Your reply should contain only the line with "thian35+pu55+lah3" and the lines after it through the end of the data, each written out exactly.

>>>

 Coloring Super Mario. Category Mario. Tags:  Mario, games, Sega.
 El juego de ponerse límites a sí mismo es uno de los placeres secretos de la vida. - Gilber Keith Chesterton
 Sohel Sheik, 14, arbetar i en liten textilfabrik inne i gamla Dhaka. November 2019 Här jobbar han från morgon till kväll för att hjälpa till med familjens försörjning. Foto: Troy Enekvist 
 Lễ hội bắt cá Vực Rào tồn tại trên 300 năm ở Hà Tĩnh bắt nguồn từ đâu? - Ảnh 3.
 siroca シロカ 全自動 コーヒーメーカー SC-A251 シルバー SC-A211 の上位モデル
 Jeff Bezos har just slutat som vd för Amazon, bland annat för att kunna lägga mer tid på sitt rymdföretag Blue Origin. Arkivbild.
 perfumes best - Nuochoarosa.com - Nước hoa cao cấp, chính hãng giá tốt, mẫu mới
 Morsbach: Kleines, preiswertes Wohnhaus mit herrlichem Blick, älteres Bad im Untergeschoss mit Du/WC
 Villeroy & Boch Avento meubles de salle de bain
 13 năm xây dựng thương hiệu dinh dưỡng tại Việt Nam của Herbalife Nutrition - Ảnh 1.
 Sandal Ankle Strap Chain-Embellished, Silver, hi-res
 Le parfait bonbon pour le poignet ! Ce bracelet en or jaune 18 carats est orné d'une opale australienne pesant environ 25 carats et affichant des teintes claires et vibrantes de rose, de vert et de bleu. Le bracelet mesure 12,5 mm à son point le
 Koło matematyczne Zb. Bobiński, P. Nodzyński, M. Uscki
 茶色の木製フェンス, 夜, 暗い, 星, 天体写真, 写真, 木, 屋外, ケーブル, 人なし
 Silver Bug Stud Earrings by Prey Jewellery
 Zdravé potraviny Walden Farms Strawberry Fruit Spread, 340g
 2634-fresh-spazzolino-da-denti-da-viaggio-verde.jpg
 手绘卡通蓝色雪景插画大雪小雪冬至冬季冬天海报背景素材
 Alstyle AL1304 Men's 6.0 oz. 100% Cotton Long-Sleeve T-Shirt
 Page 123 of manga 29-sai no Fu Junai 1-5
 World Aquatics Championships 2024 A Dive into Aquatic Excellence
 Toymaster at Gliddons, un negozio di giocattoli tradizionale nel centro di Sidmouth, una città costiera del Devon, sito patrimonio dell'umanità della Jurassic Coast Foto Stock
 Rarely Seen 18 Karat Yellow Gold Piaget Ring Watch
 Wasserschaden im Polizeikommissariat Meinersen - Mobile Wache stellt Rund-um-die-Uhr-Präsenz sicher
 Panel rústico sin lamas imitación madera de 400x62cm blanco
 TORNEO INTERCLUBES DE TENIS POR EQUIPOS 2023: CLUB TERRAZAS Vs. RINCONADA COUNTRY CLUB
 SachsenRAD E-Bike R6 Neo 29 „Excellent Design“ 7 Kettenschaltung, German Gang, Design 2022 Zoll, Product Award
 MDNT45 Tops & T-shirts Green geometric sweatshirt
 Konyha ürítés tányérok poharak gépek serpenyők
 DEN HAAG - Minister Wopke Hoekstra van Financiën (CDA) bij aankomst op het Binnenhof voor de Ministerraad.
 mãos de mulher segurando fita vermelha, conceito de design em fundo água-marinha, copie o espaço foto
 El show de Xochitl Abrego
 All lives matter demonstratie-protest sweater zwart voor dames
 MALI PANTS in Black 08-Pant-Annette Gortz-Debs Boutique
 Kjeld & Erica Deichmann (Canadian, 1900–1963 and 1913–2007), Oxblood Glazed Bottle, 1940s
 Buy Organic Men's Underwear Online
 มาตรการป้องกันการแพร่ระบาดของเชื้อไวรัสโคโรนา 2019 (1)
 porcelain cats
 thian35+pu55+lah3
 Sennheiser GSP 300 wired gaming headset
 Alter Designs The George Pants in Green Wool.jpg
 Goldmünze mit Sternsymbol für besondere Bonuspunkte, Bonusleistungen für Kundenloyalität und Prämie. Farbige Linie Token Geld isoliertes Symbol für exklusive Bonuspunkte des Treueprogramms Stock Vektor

<<<

* **SOLUTION TO THIS PROBLEM**
 thian35+pu55+lah3
 Sennheiser GSP 300 wired gaming headset
 Alter Designs The George Pants in Green Wool.jpg
 Goldmünze mit Sternsymbol für besondere Bonuspunkte, Bonusleistungen für Kundenloyalität und Prämie. Farbige Linie Token Geld isoliertes Symbol für exklusive Bonuspunkte des Treueprogramms Stock Vektor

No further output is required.